__Exercise details__
Full transcription, minus images: write out the listing below exactly as it appears.
Data below:
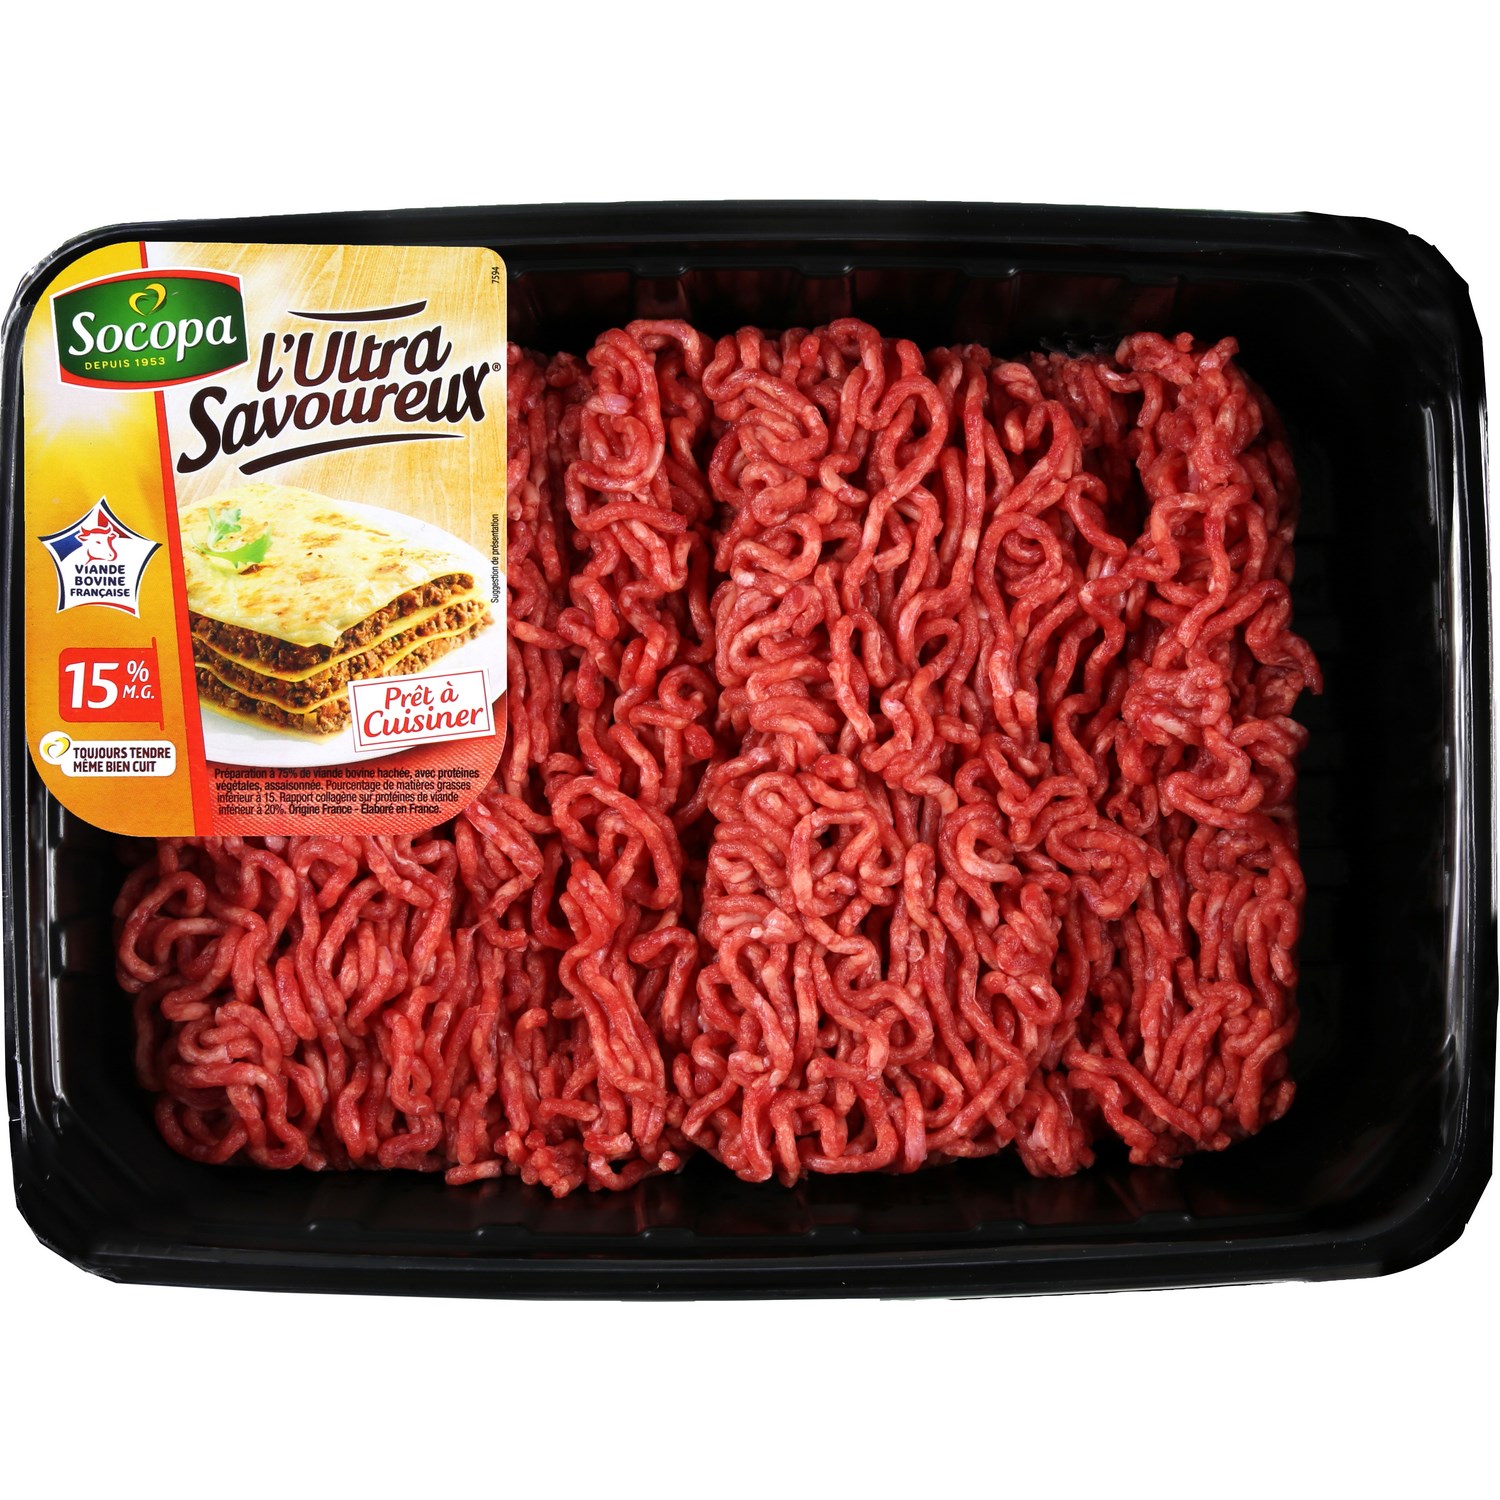 Mellow ground meat chopped with the right vegetables
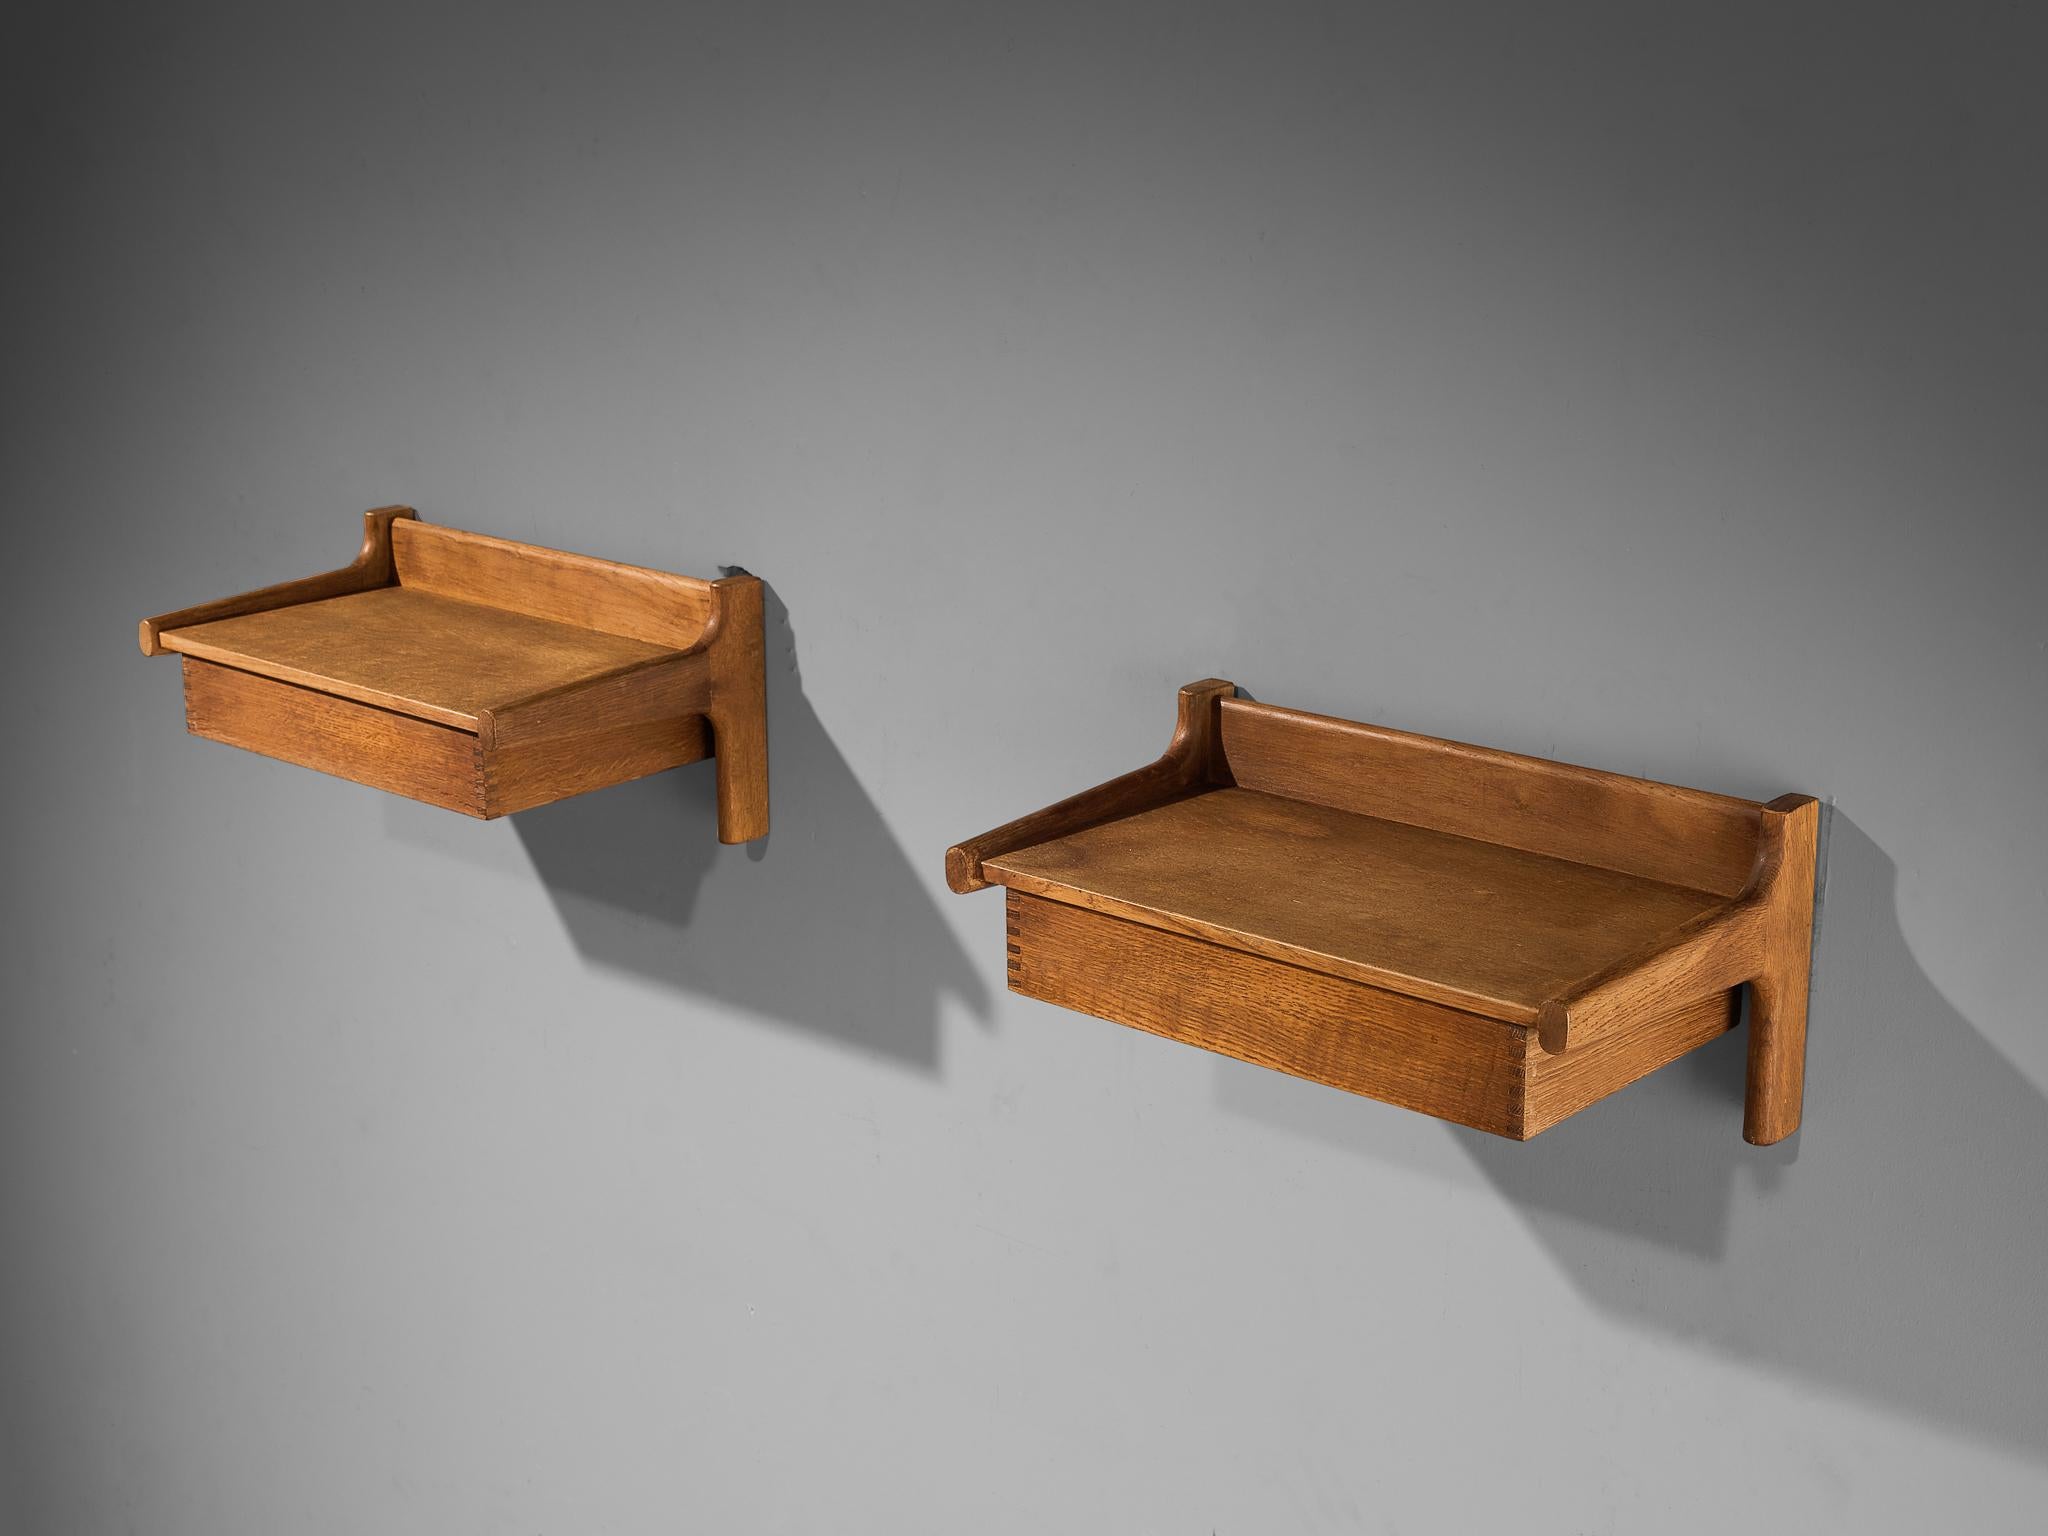 Børge Mogensen, pair of bedside shelves, oak, Denmark, 1955

This pair is well-constructed in a precise manner implementing clear lines and shapes, resulting in an eloquent and simplistic furniture piece that is typical for Danish design. In the
End of Data.
__Solution below__
 Mellow ground meat chopped with the right vegetables
 Børge Mogensen, pair of bedside shelves, oak, Denmark, 1955

This pair is well-constructed in a precise manner implementing clear lines and shapes, resulting in an eloquent and simplistic furniture piece that is typical for Danish design. In the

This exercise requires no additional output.